# [Work item]
Where the listing shows an image, skip it and output all other material unchanged.

....

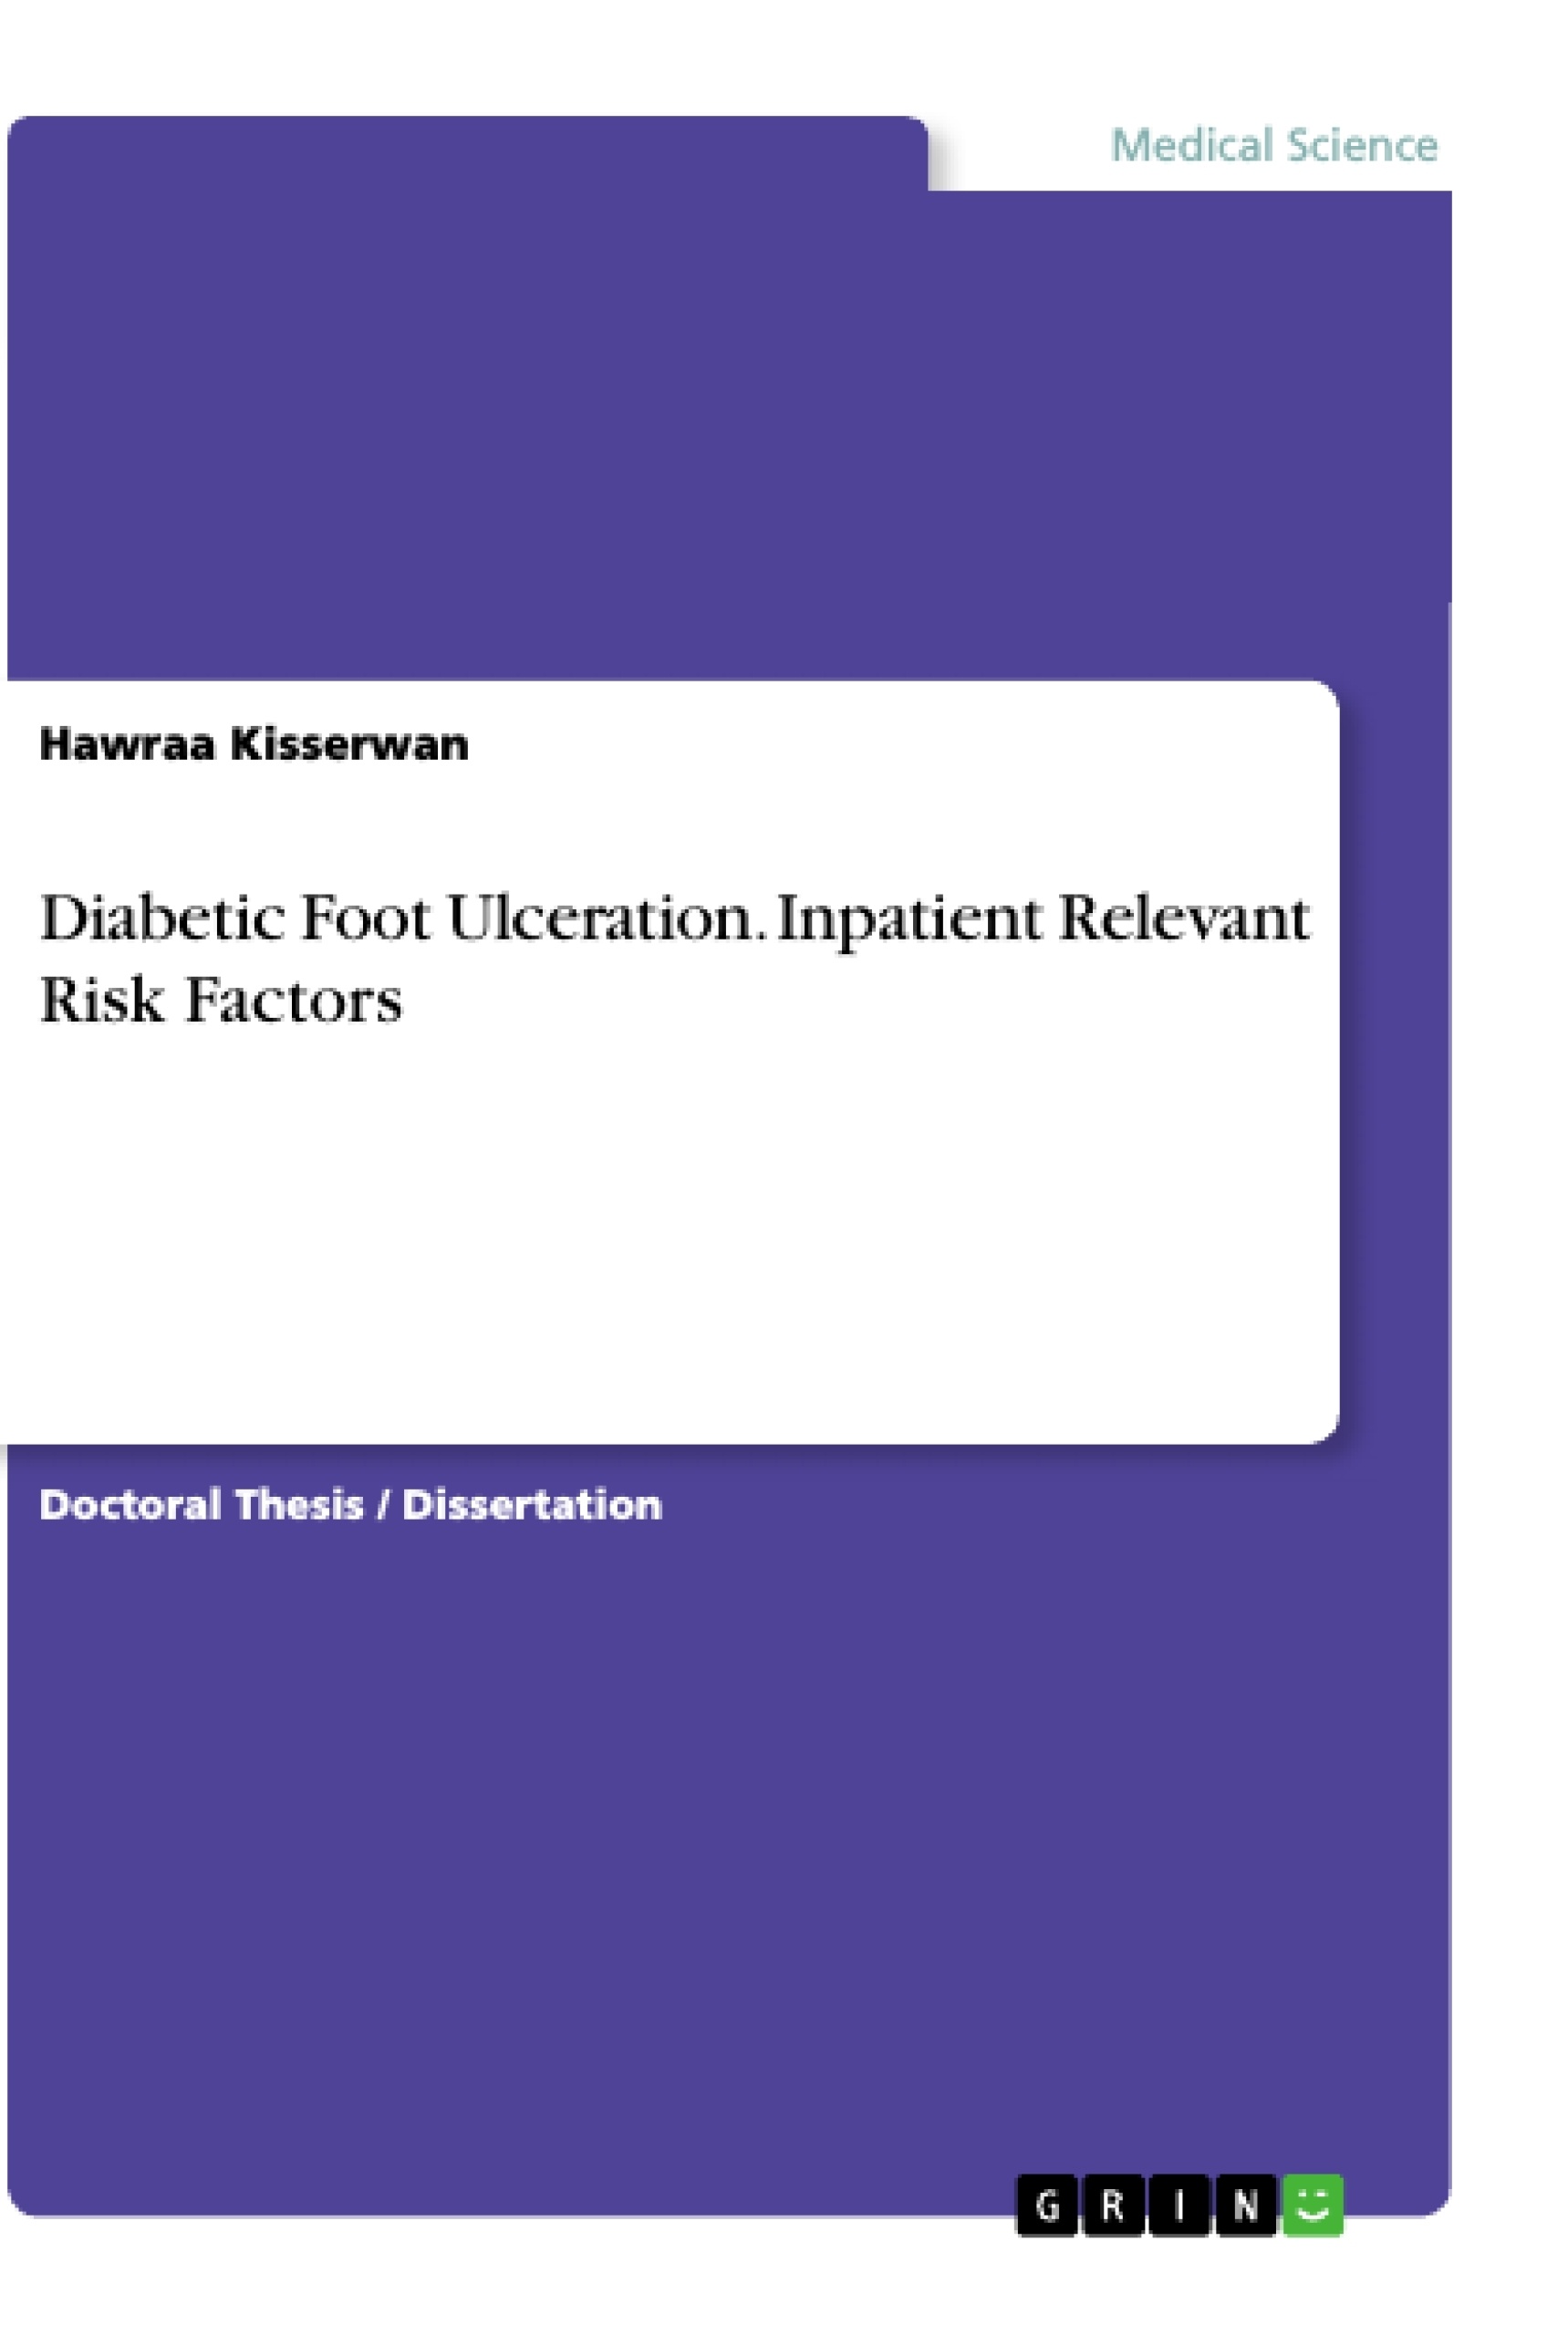 Title: Diabetic Foot Ulceration. Inpatient Relevant Risk Factors
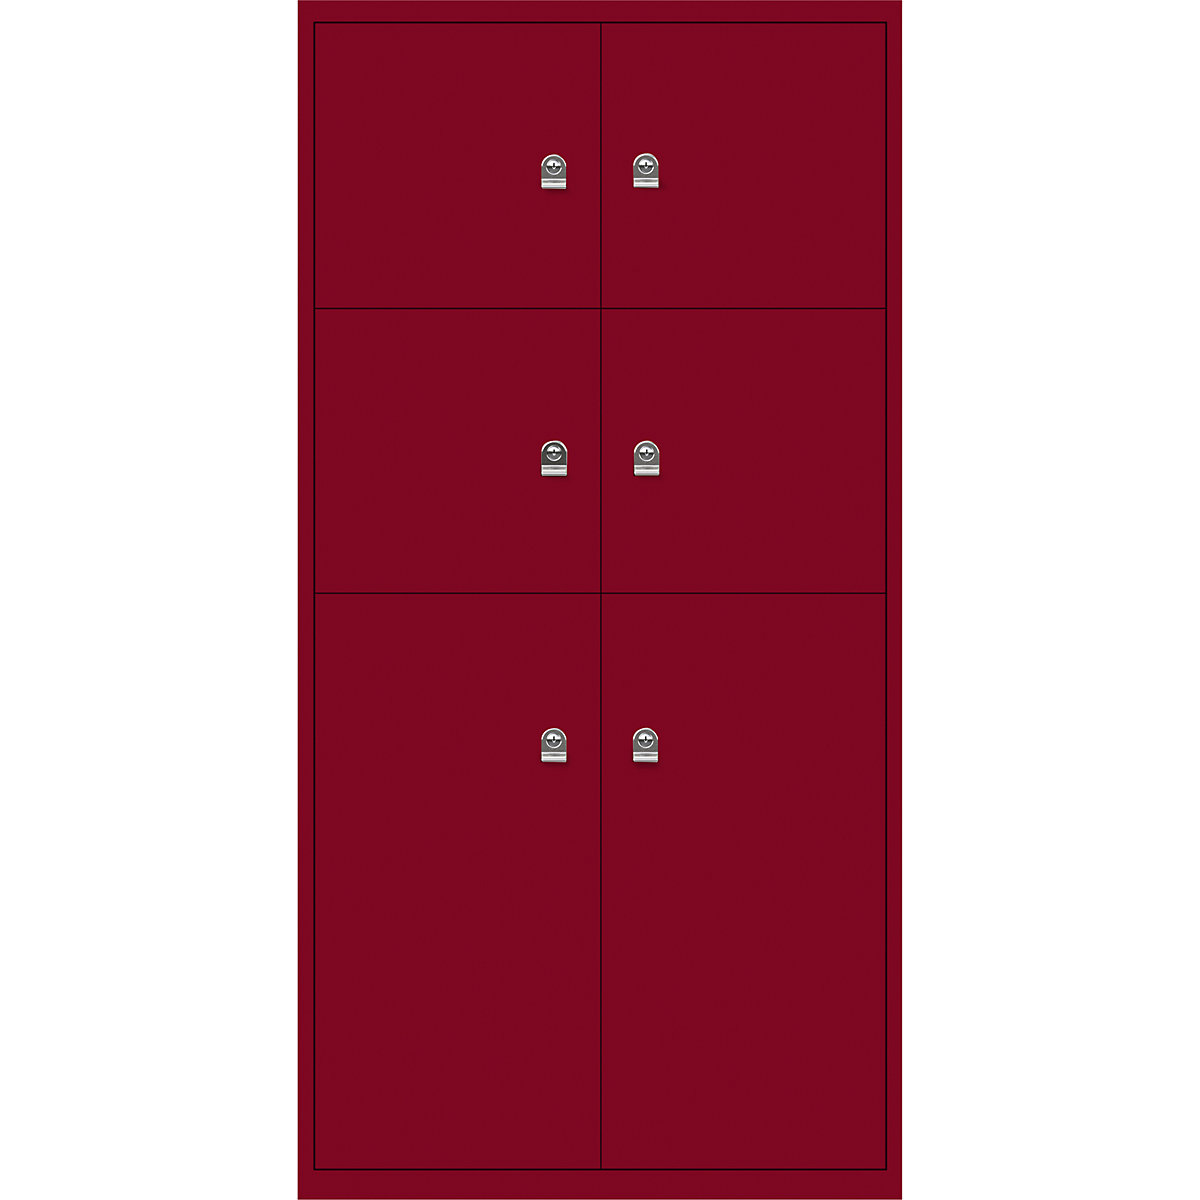 LateralFile™ Lodge BISLEY, mit 6 Schließfächern, Höhe 4 x 375 mm, 2 x 755 mm, kardinalrot-3
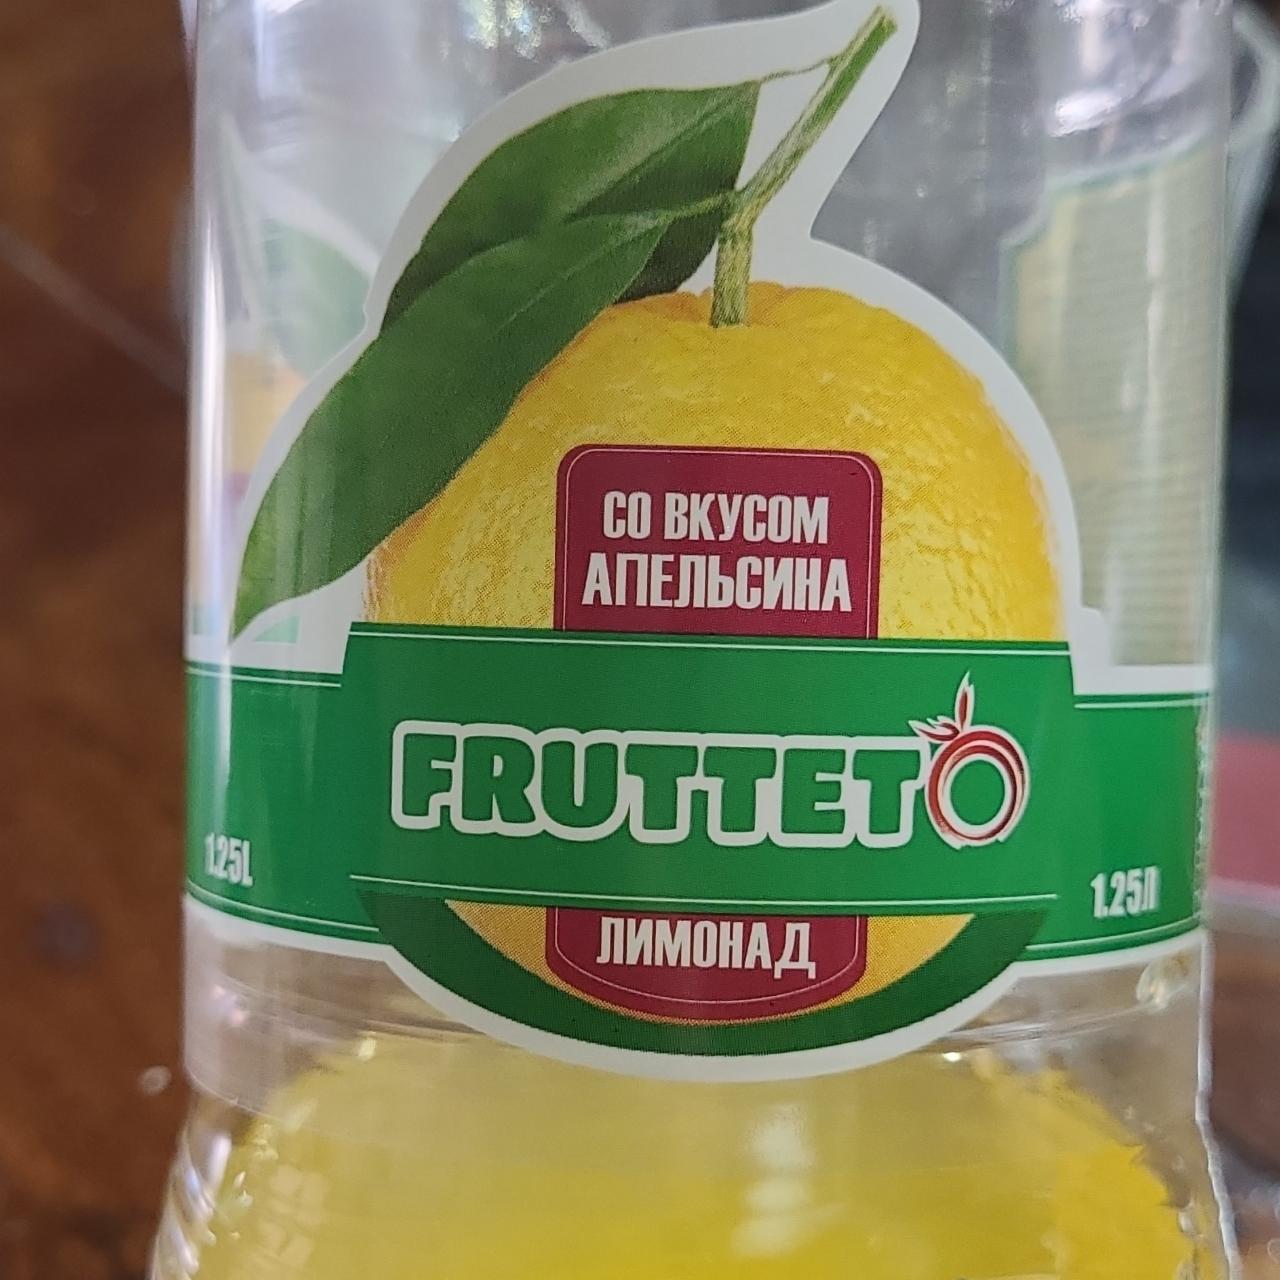 Фото - Лимонад со вкусом апельсина Frutteto
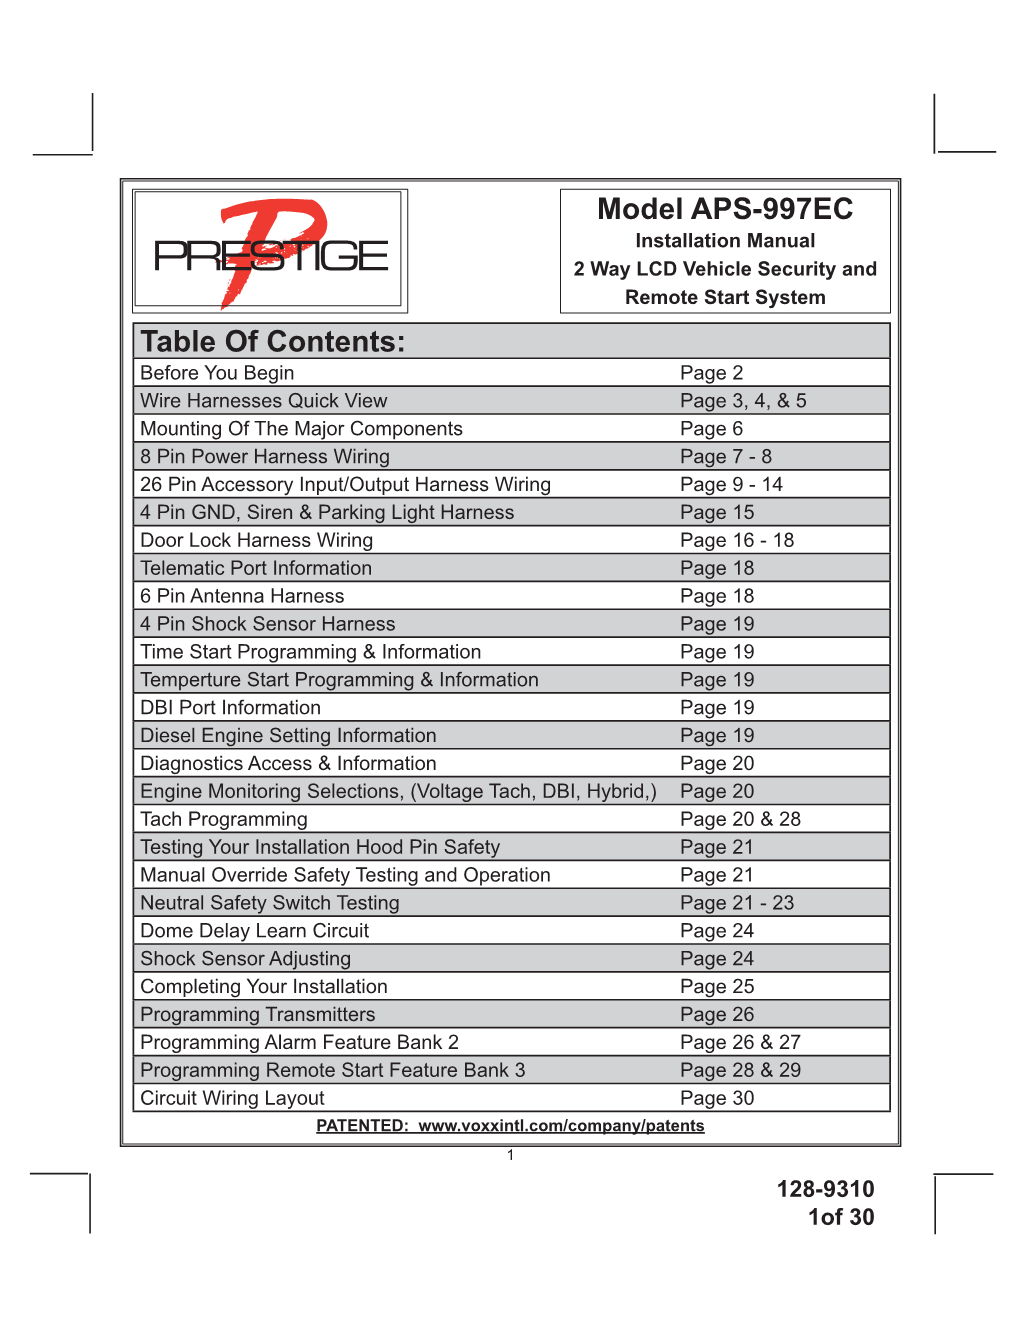 Model APS-997EC Table of Contents
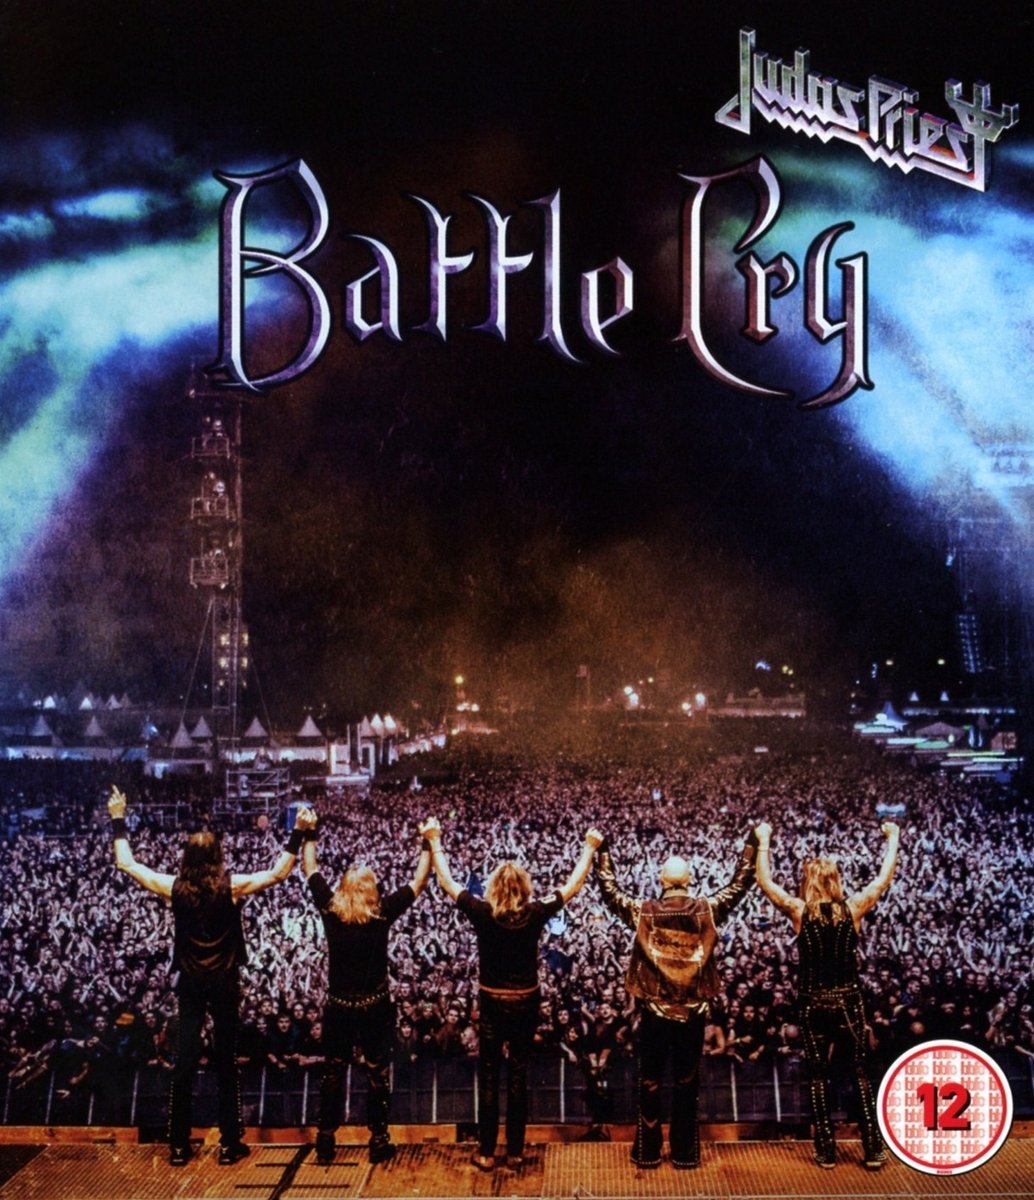 Judas Priest - Battle Cry - Blu-ray | Judas Priest

....

# [Task output]
 Title: Diabetic Foot Ulceration. Inpatient Relevant Risk Factors
 LateralFile™ Lodge BISLEY, mit 6 Schließfächern, Höhe 4 x 375 mm, 2 x 755 mm, kardinalrot-3
 Фото - Лимонад со вкусом апельсина Frutteto
 Model APS-997EC Table of Contents
 Judas Priest - Battle Cry - Blu-ray | Judas Priest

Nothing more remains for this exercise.